** MATERIALS PROVIDED follows **

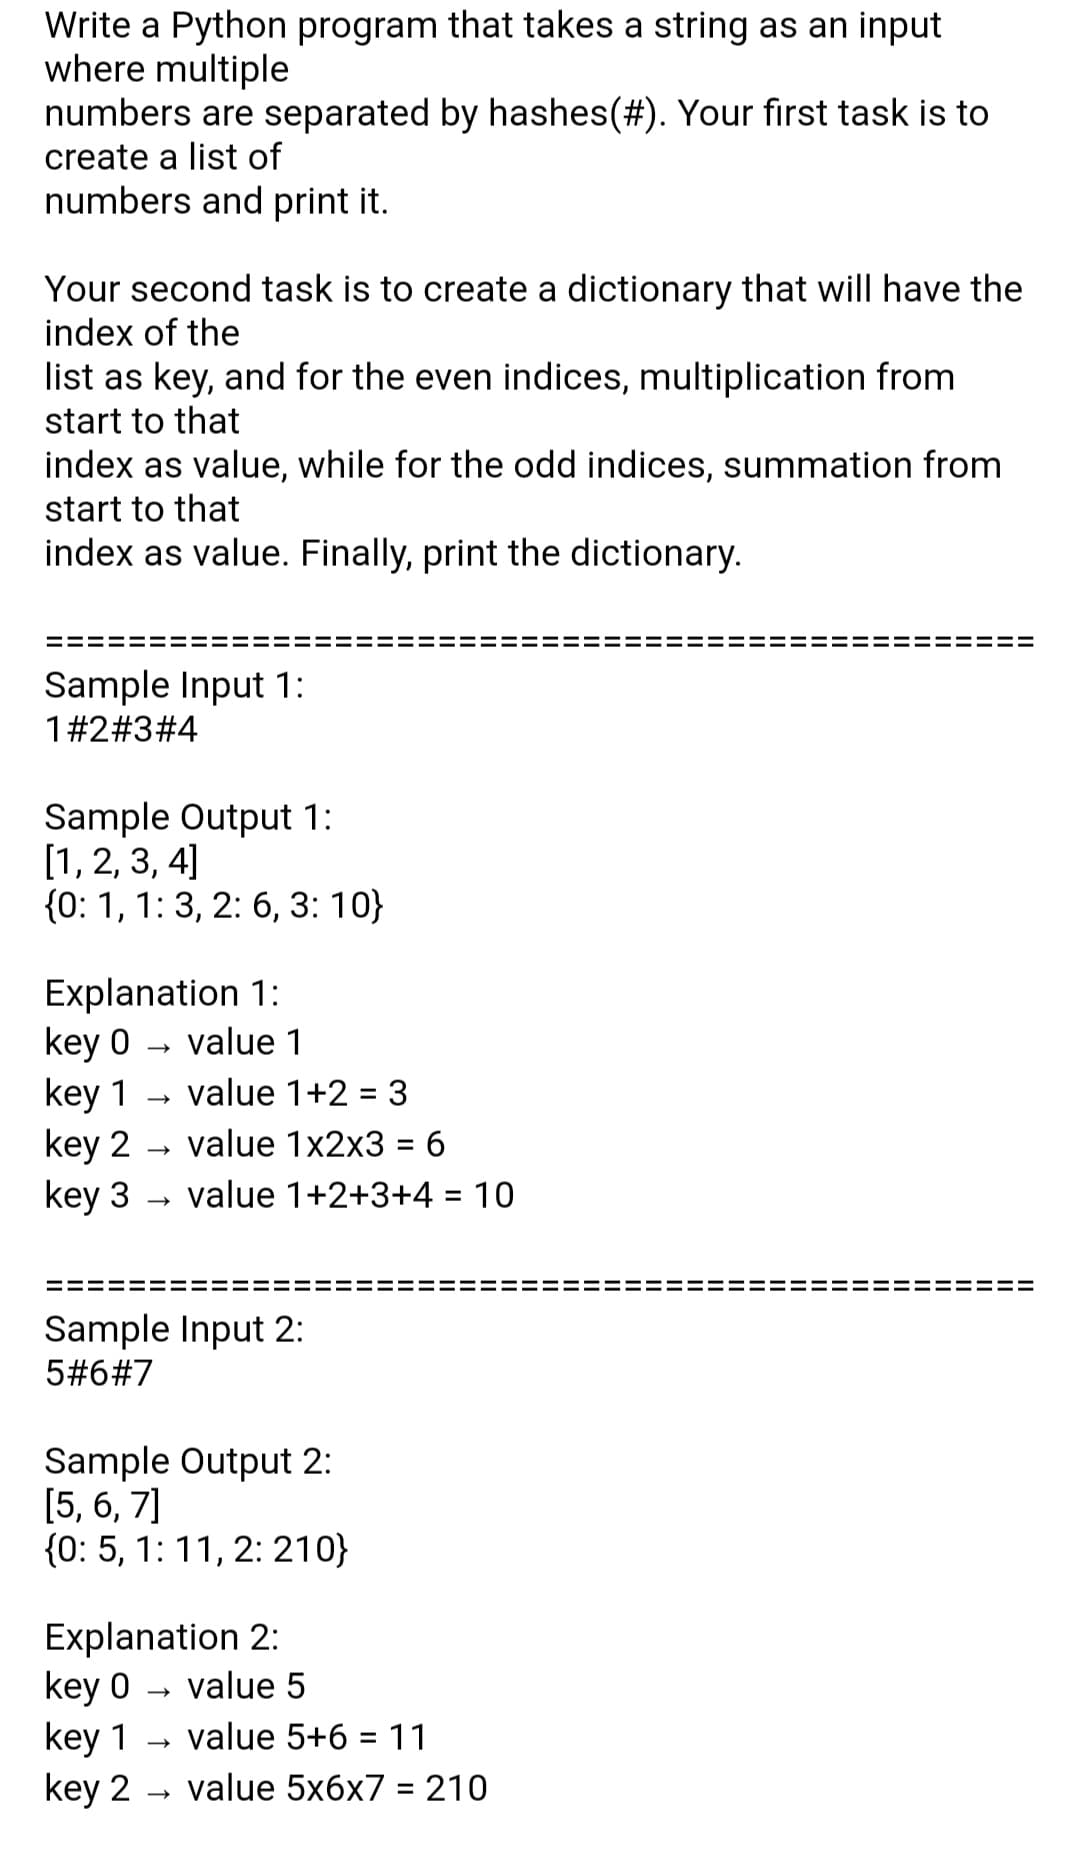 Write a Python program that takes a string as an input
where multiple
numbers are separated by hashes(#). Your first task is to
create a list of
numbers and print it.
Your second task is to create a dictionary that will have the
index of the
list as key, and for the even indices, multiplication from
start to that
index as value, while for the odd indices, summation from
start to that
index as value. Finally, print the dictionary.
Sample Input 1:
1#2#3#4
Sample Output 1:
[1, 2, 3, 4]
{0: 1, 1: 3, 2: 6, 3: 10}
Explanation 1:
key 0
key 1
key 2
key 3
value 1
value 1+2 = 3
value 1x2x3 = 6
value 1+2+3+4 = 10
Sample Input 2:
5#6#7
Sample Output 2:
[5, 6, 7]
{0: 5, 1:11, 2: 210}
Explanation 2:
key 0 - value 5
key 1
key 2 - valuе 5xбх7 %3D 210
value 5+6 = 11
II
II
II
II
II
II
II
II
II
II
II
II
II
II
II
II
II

** End of MATERIALS PROVIDED **

### EXERCISE PROMPT
Output only the number of lines in the data above that include the word "value".

### FINISHED TASK
8